(DATA PROVIDED begins)
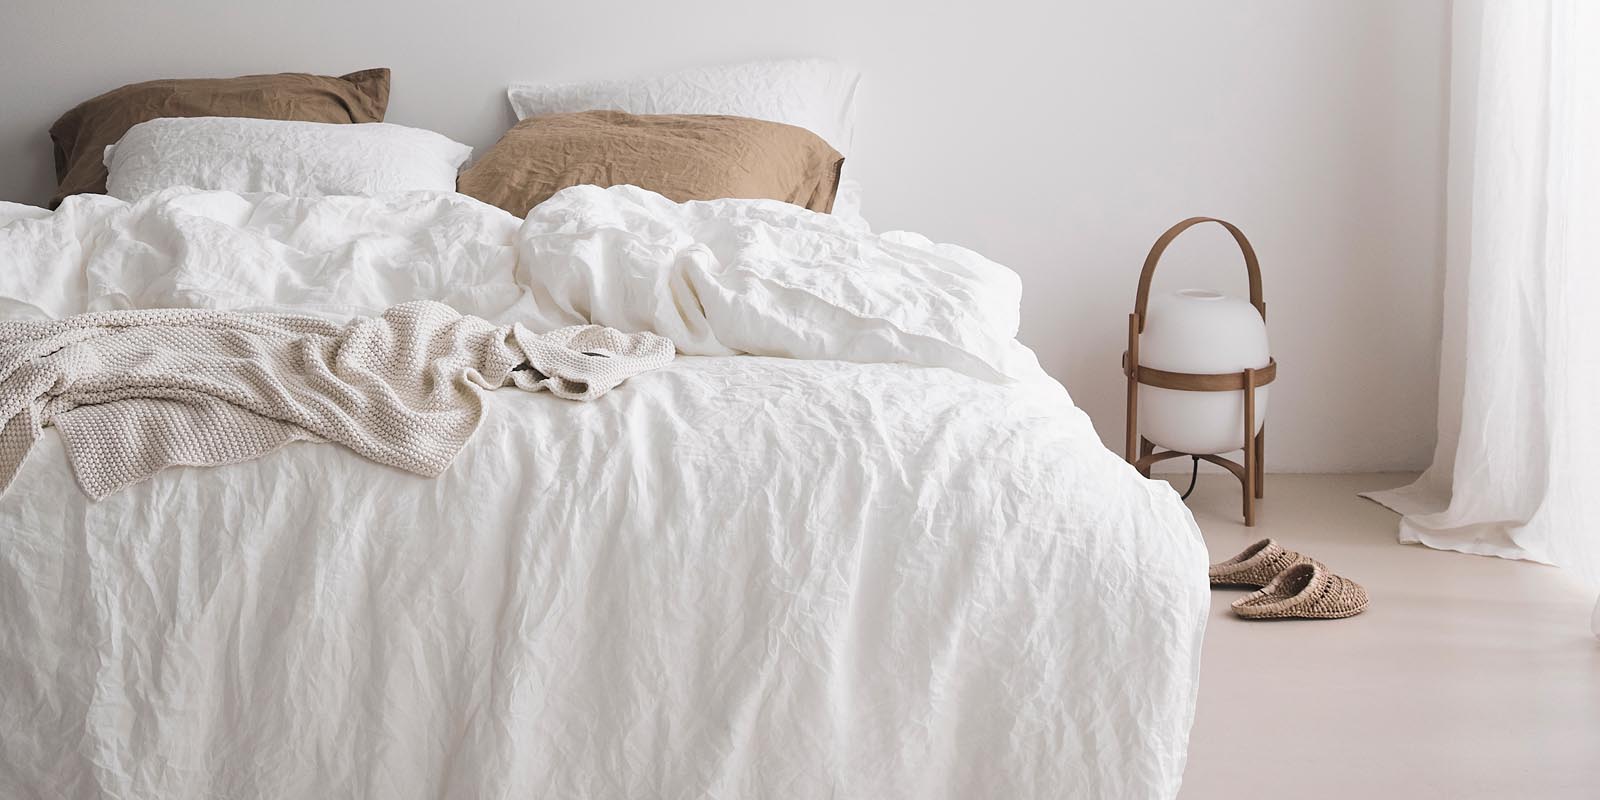 What Is Cotton Linen Essenza Home, Whats A Duvet Cover
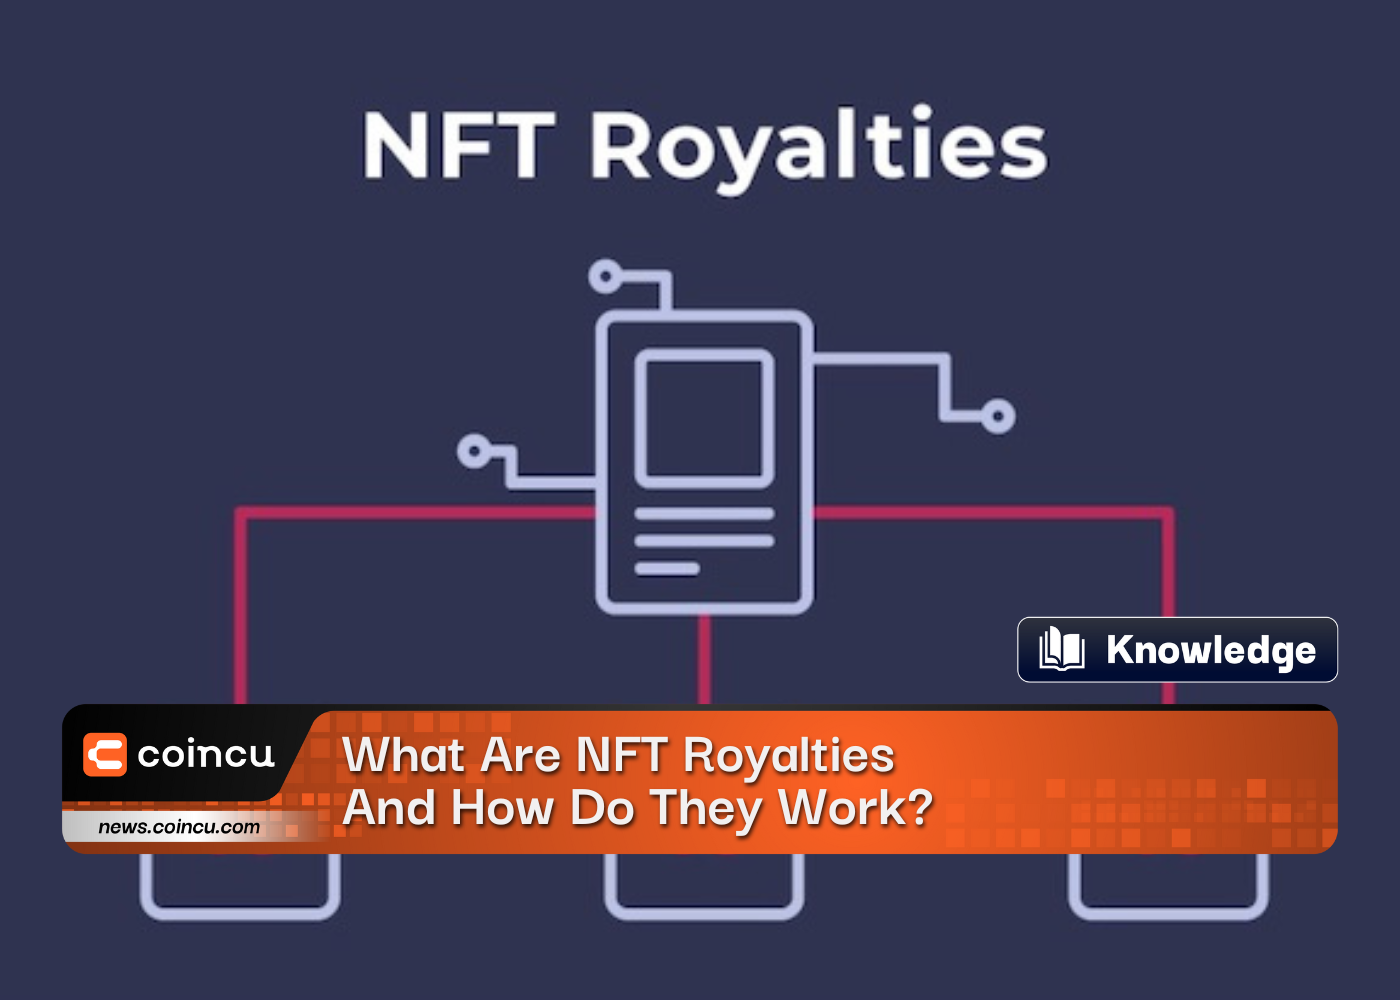 What Are NFT Royalties
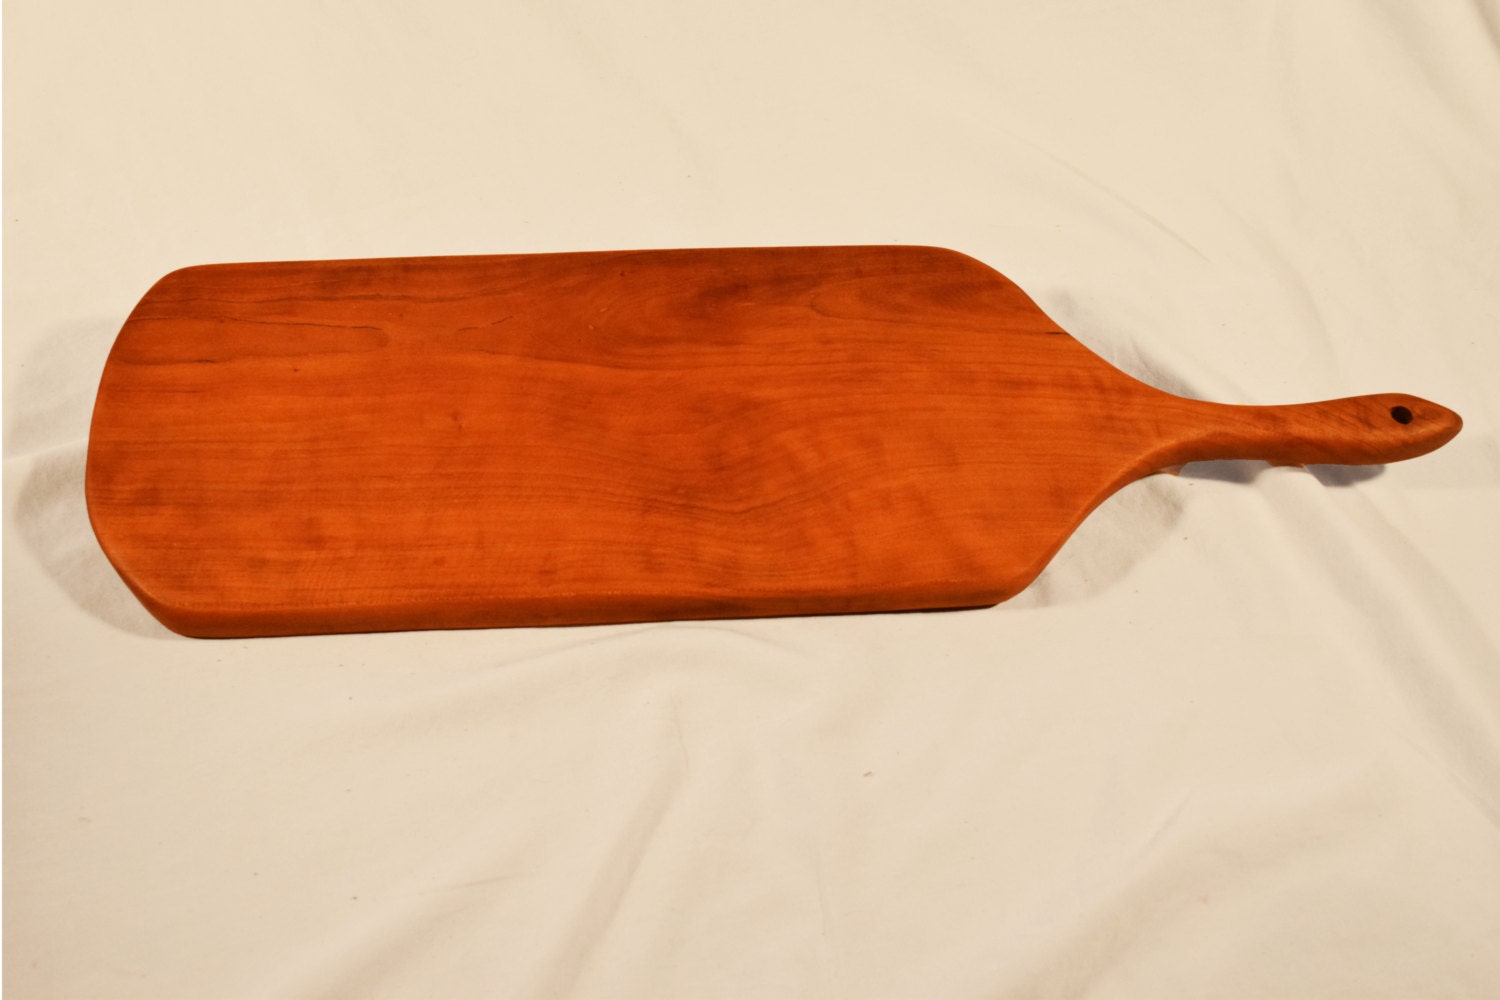 Black Cherry Wooden Cutting Board By Wascomecreations On Etsy
(DATA PROVIDED ends)
▶ PROBLEM TO SOLVE
Print the lines from the one that contains "What Are NFT Royalties" through the last line of the data, exactly and in full, and no other lines. Pictures are not part of the copy.

▶ ANSWER SECTION
 What Are NFT Royalties
 Black Cherry Wooden Cutting Board By Wascomecreations On Etsy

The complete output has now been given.